招牌上写着“Chez Marianne”,字体是手写体,很温馨。
安少康的手指在方向盘上轻轻点了一下,嘴角带着一丝回忆的笑意:“这家开了十年了,老板是我的邻居。她做的蜗牛,全巴黎都找不出第二家。茜茜十几岁来每次来,都要吃两盘。”
他说这话的时候,目光落在餐厅的玻璃窗上,像是在看很久以前的画面。
姜宇点点头,推开车门。
巴黎春天的风涌进来,带着塞纳河的水汽和梧桐树新芽的清香,还有一点点咖啡的苦味从街角的咖啡馆飘过来。
他下了车,站在车旁,整了整外套的领子。
刘艺菲已经拉着安佳琳跑过去了,两个人手牵着手,像小时候一样,脚步轻快,安佳琳的裙摆在风里飘着,马尾辫一甩一甩的,笑声清脆得像银铃,在安静的街道上传出去很远。
刘艺菲的白色休闲西装在阳光下泛着柔和的光,长发被风吹起来,她伸手拢了一下,回头看了姜宇一眼,眼睛弯成月牙。
安少康站在车旁,看着两个女儿的背影,嘴角带着笑意,目光很远,像是在看很久以前的时光。
他的双手插在风衣口袋里,肩膀微微松下来,整个人放松了。
“安叔叔,茜茜来过这家?”姜宇站在他旁边,双手也插在口袋里,目光跟着刘艺菲的身影。
安少康点点头,目光落在远处的塞纳河上。
他的声音很轻,像是在回忆很久以前的事,“每次来巴黎都常来。”
他顿了顿,转过头看着姜宇,眼神里有一种说不出的东西,像是托付,又像是放心,嘴角带着一丝笑意,眼角的皱纹舒展开来,手指从口袋里抽出来,在姜宇的手臂上轻轻拍了一下,“小宇,茜茜这孩子,从小就倔。认准了的事,九头牛都拉不回来。但她心善,不会害人。你对她好,她记一辈子。”
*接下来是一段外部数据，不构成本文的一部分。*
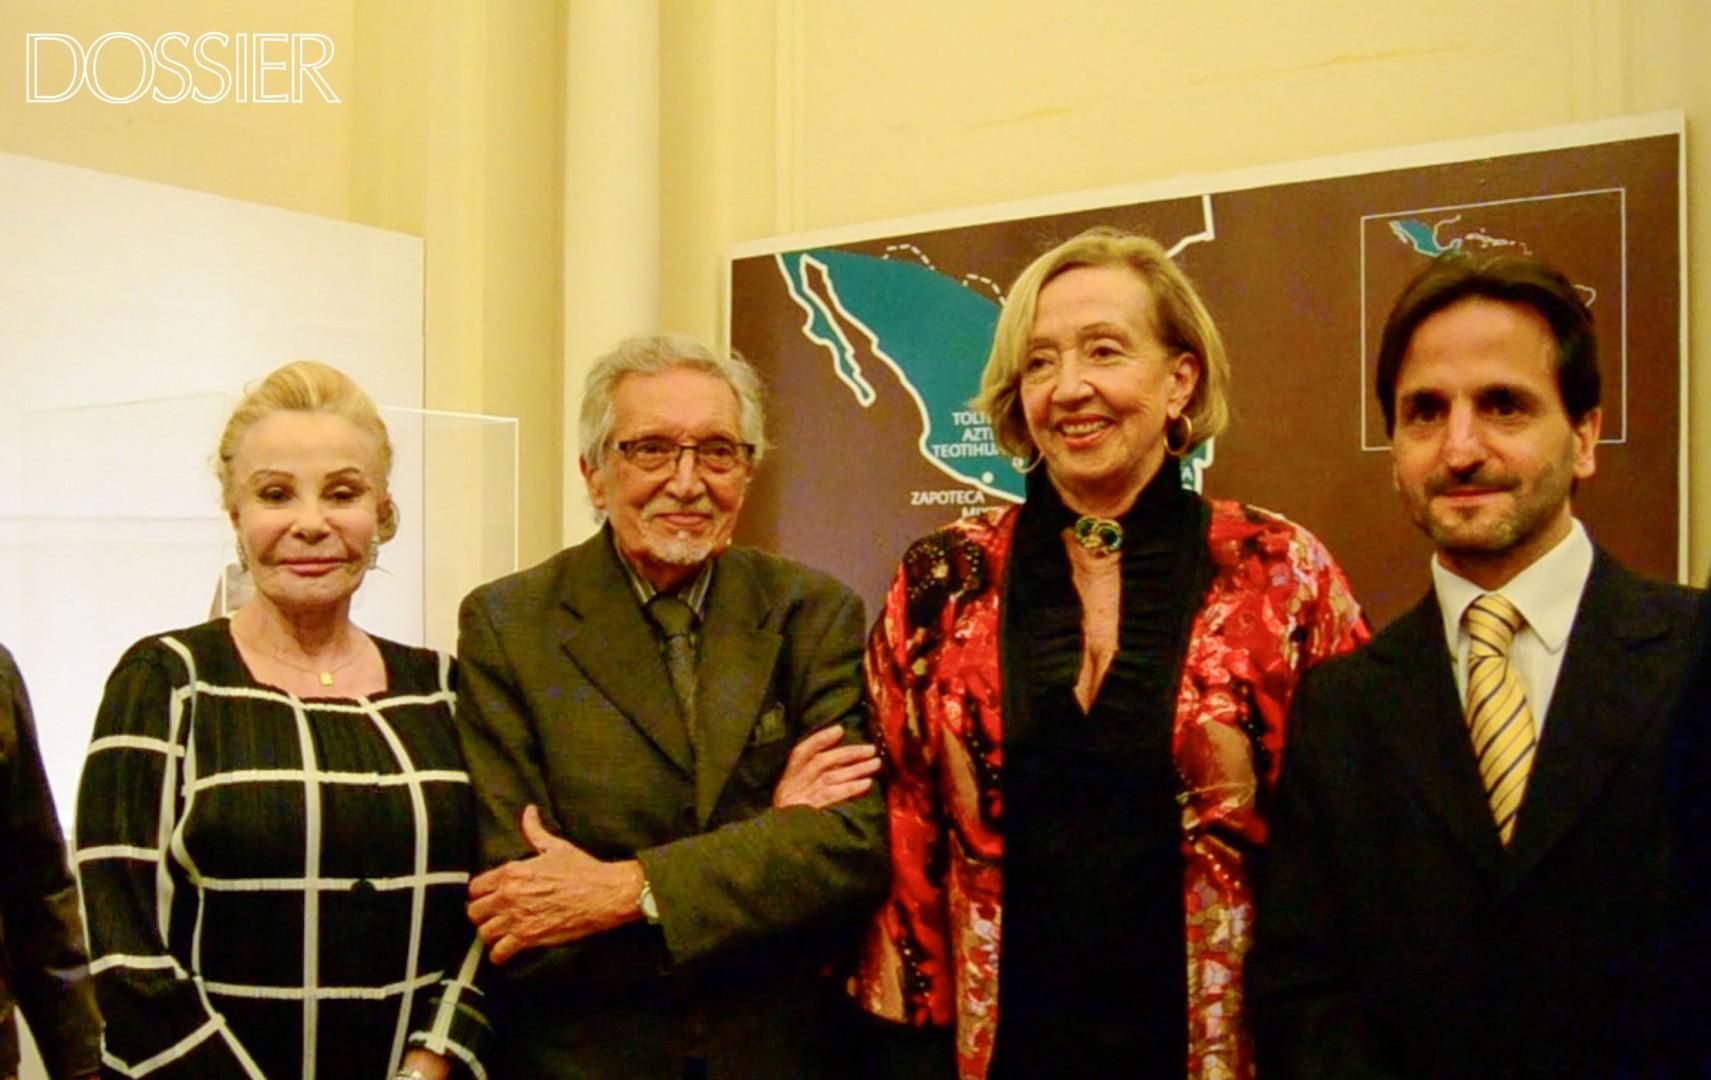 Lætitia d'Arenberg, Mariano Arana, María Julia Muñoz y Facundo Almeida

姜宇看着远处刘艺菲的背影,她正拉着妹妹的手,指着餐厅门口的菜单说什么,手指点着菜单上的图片,笑得开心,露出整齐的白牙,安佳琳踮着脚尖凑过去看。
他点点头,目光没有收回来,喉结微微动了一下,“安叔叔,您放心。我会对她好的。”
安少康笑了笑,拍了拍他的肩膀,力度不大。
“我知道。她妈跟我说了,你对她很好。我就放心了。”两个人一起走向餐厅,阳光洒在他们身上,影子拖得很长,一前一后,交叠在一起,在石板路上拉出两道长长的轮廓。
.......
餐厅里面不大,布置得很温馨。
墙上挂着几幅巴黎的老照片,黑白的那种,记录了这条街几十年前的样子,照片里的行人穿着旧式的衣服,女士戴着宽檐帽,男士拄着拐杖,街道上跑着老式的汽车,车头圆圆的。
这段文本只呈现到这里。